On the Double Descent of Random Features Models Trained with SGD
- URL: http://arxiv.org/abs/2110.06910v1
- Date: Wed, 13 Oct 2021 17:47:39 GMT
- Title: On the Double Descent of Random Features Models Trained with SGD
- Authors: Fanghui Liu, Johan A.K. Suykens, Volkan Cevher
- Abstract summary: We study properties of random features (RF) regression in high dimensions optimized by gradient descent (SGD)
We derive precise non-asymptotic error bounds of RF regression under both constant and adaptive step-size SGD setting.
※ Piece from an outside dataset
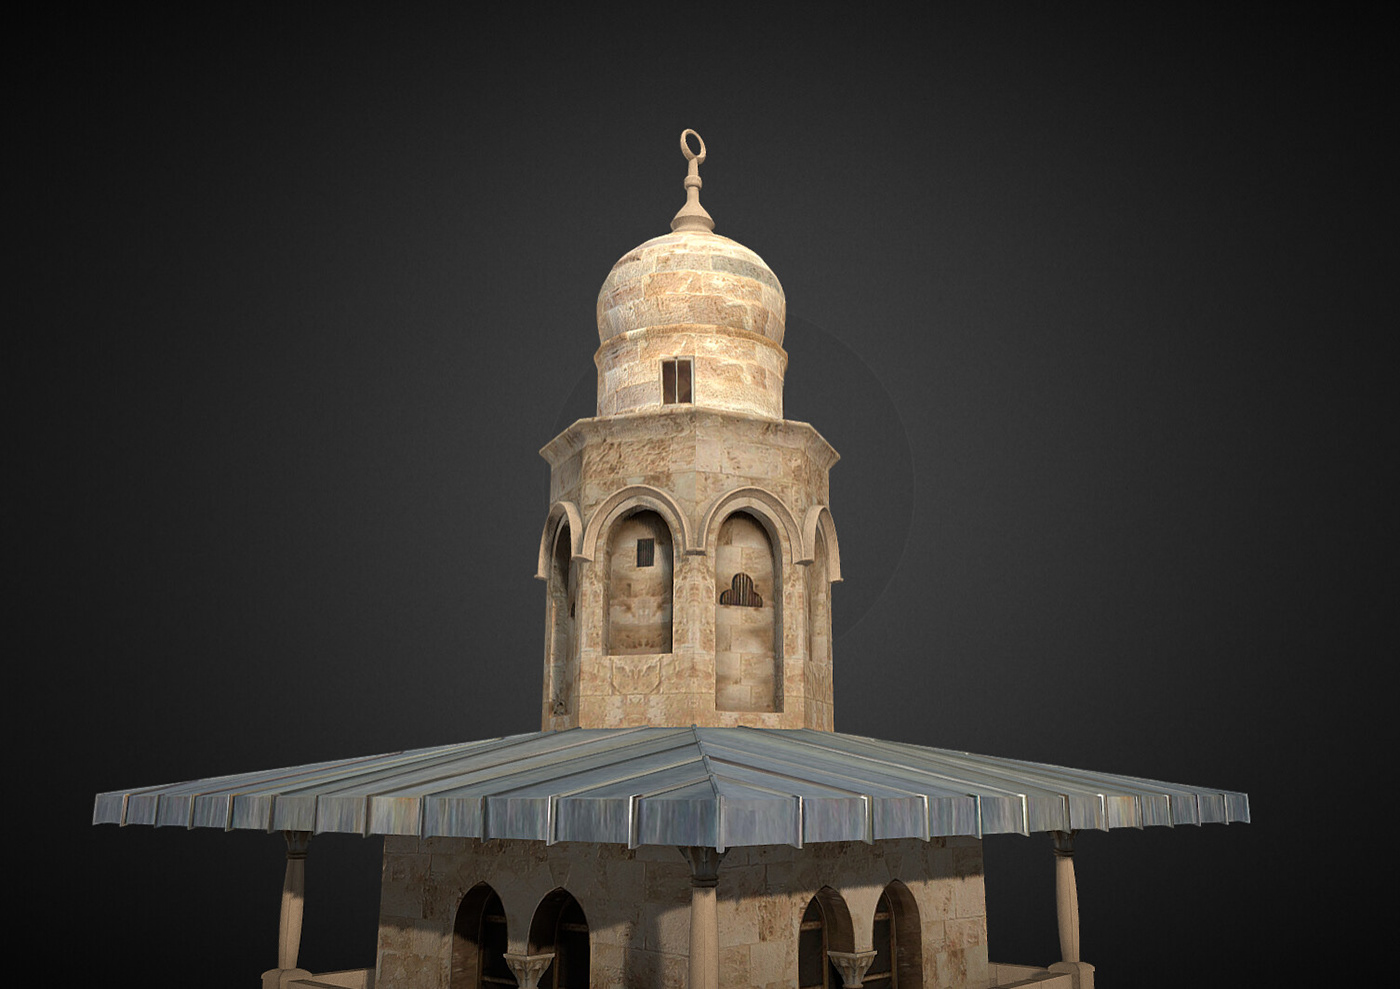 islamic architect jerusalem 二十四节气 소식지디자인 palestine ᬩᬮᬶ freedom dome-of-the-rock minaret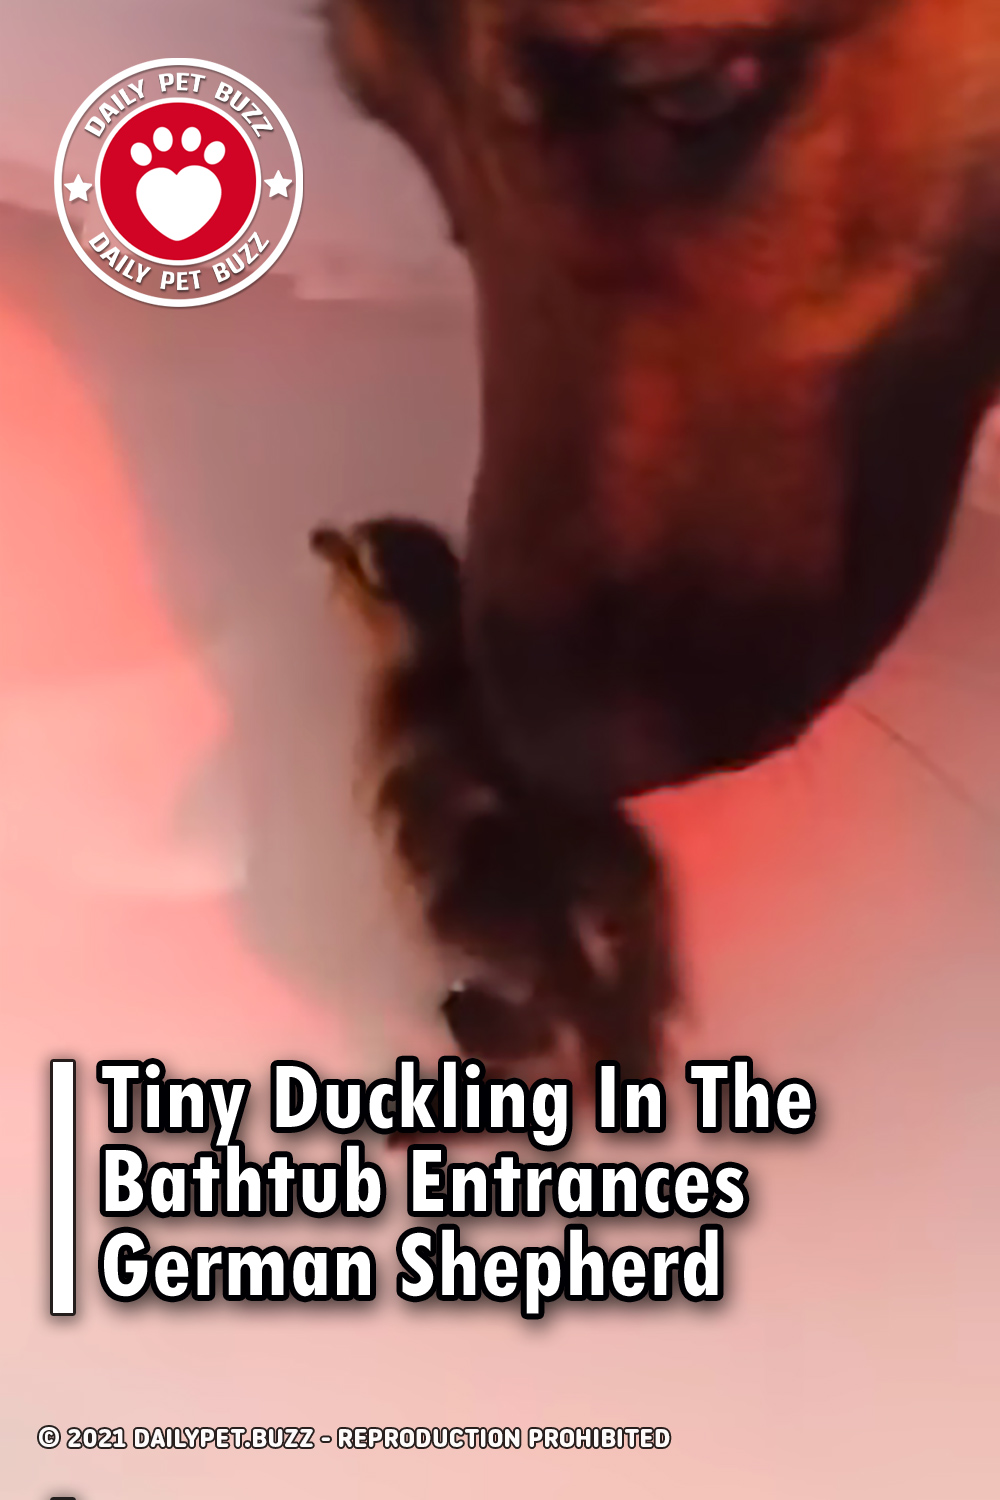 Tiny Duckling In The Bathtub Entrances German Shepherd

We observe the double descent phenomenon both theoretically and empirically.
- Score: 78.0918823643911
- License: http://arxiv.org/licenses/nonexclusive-distrib/1.0/
- Abstract: We study generalization properties of random features (RF) regression in high
dimensions optimized by stochastic gradient descent (SGD). In this regime, we
derive precise non-asymptotic error bounds of RF regression under both constant
and adaptive step-size SGD setting, and observe the double descent phenomenon
both theoretically and empirically. Our analysis shows how to cope with
multiple randomness sources of initialization, label noise, and data sampling
(as well as stochastic gradients) with no closed-form solution, and also goes
beyond the commonly-used Gaussian/spherical data assumption. Our theoretical
results demonstrate that, with SGD training, RF regression still generalizes
well for interpolation learning, and is able to characterize the double descent
behavior by the unimodality of variance and monotonic decrease of bias.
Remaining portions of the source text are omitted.